# willamette hops



## mb-squared (26/5/14)

I'm looking for ~100grams of reasonably fresh willamette hops to dryhop an apa I have. the most recent (freshest) ones I can find online are from 2012 and I suspect they are a bit too old to pack that aroma punch I need for a good dryhop. anyone know where I can find some from the 2013 crop? or, alternatively, does anyone have any experience substituting this hop? It says here that US Fuggle is a good substitute, but I can only find UK Fuggle (and I understand that UK and US Fuggle are very different).

Thanks for suggestions.


----------



## Yob (26/5/14)

Ed: sorry thought you had 100g 

Nothing to see here


----------



## Cocko (26/5/14)

I would suggest, if 2012 has been packed and stored correctly they should be a viable option... sure not the 'freshest' but again, stored correctly should still pack some punch...

2c.


----------



## menoetes (26/5/14)

I love this hop but you are right, nothing new around. I've used the 2012 crop recently in a brown ale with no complaints. As Cocko says, if you're getting them from a good supplier who looks after them then you'll be fine.

Try mixing them with cascade for a real nice flavor and aroma :chug:


----------



## Spiesy (26/5/14)

With descriptors of fruit and spice, and being a US hop predominantly suited to flavour and aroma additions - I wonder how Ahtanum might go… 

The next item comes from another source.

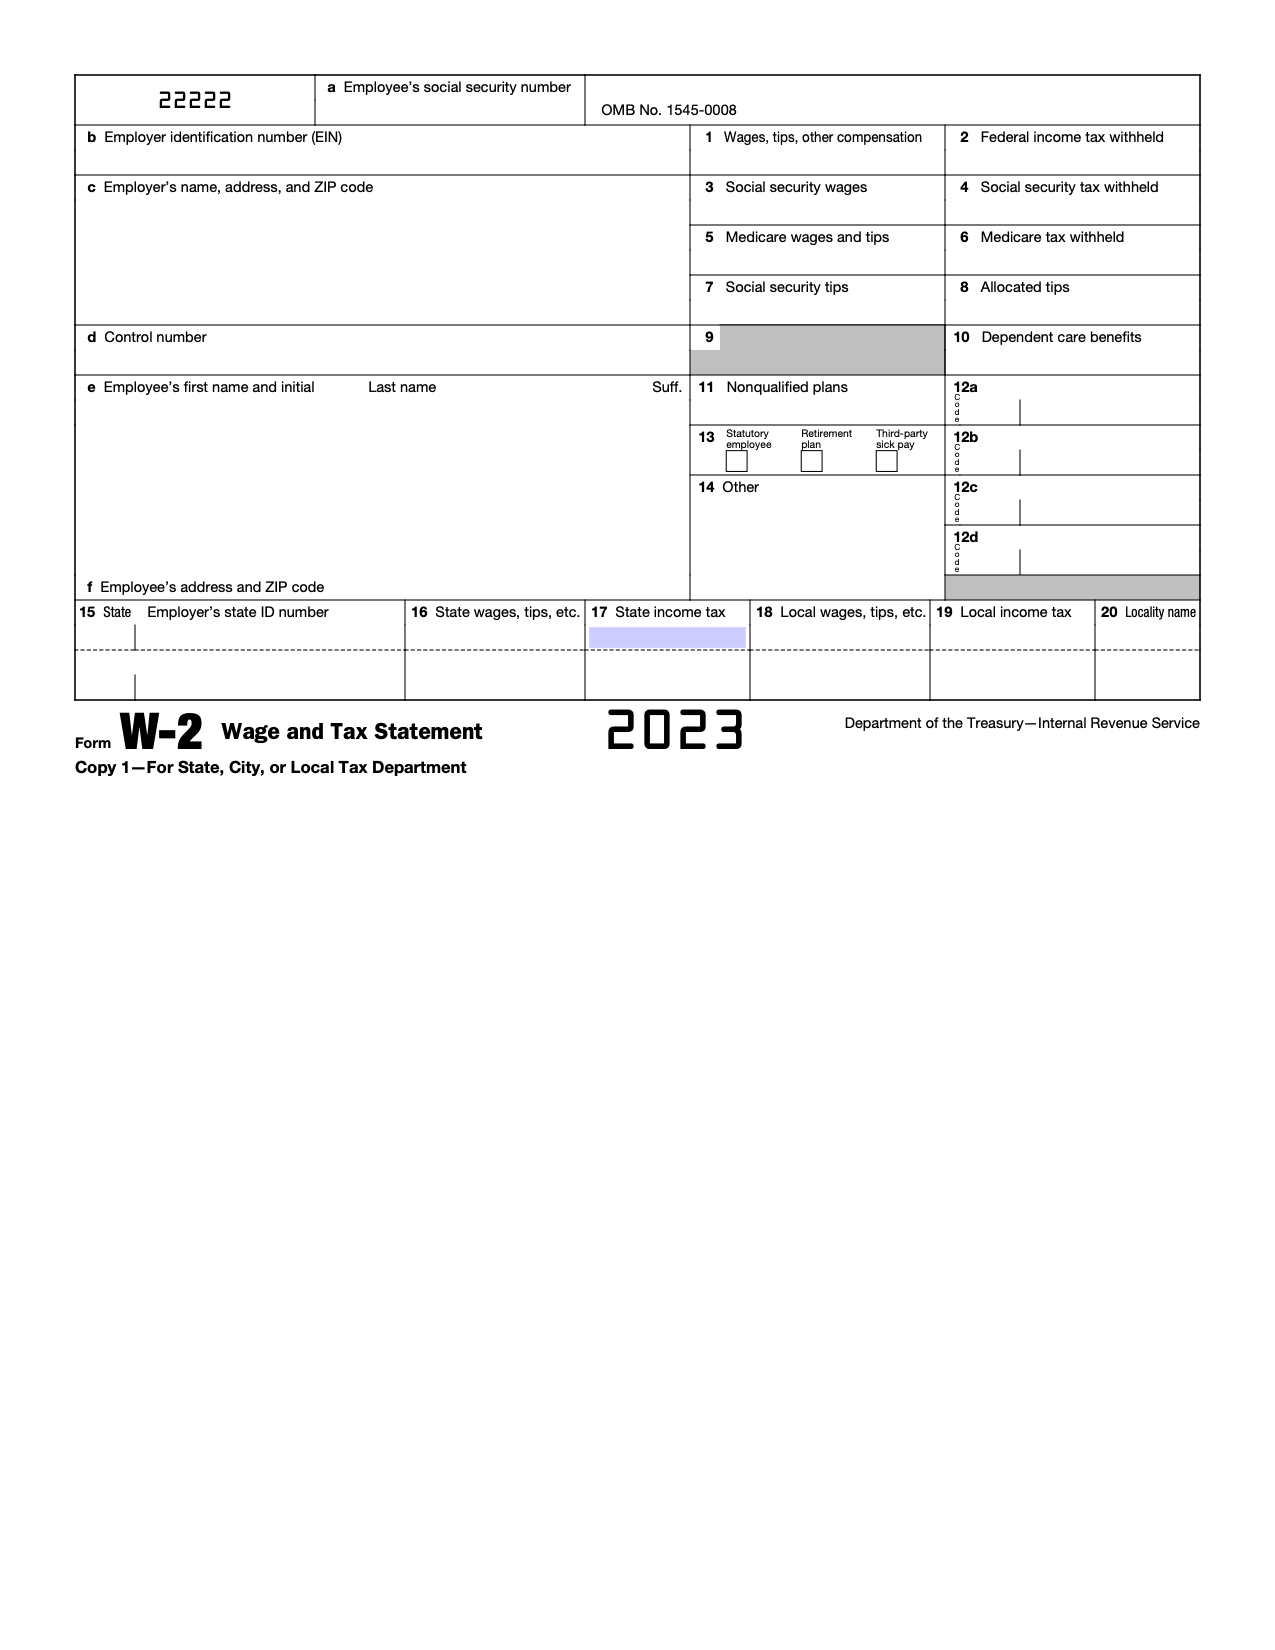 Free Irs Form W-2 | Wage And Tax Statement - Pdf – Eforms within W2 Form 2023 Printable

Just thinking aloud, I have no personal experience subbing one of these hops with the other.


----------



## Yob (26/5/14)

I wouldn't say Ahtanum is a close match, it's closer to cascade or Amarillo than Willamette or fuggle


----------



## mb-squared (26/5/14)

Cocko said:


> I would suggest, if 2012 has been packed and stored correctly they should be a viable option... sure not the 'freshest' but again, stored correctly should still pack some punch...
> 
> 2c.


I was thinking I might order from National Homebrew, who takes pretty good care of their hops. So, maybe you're right; maybe they'll still pack an aroma punch.

Cheers,


----------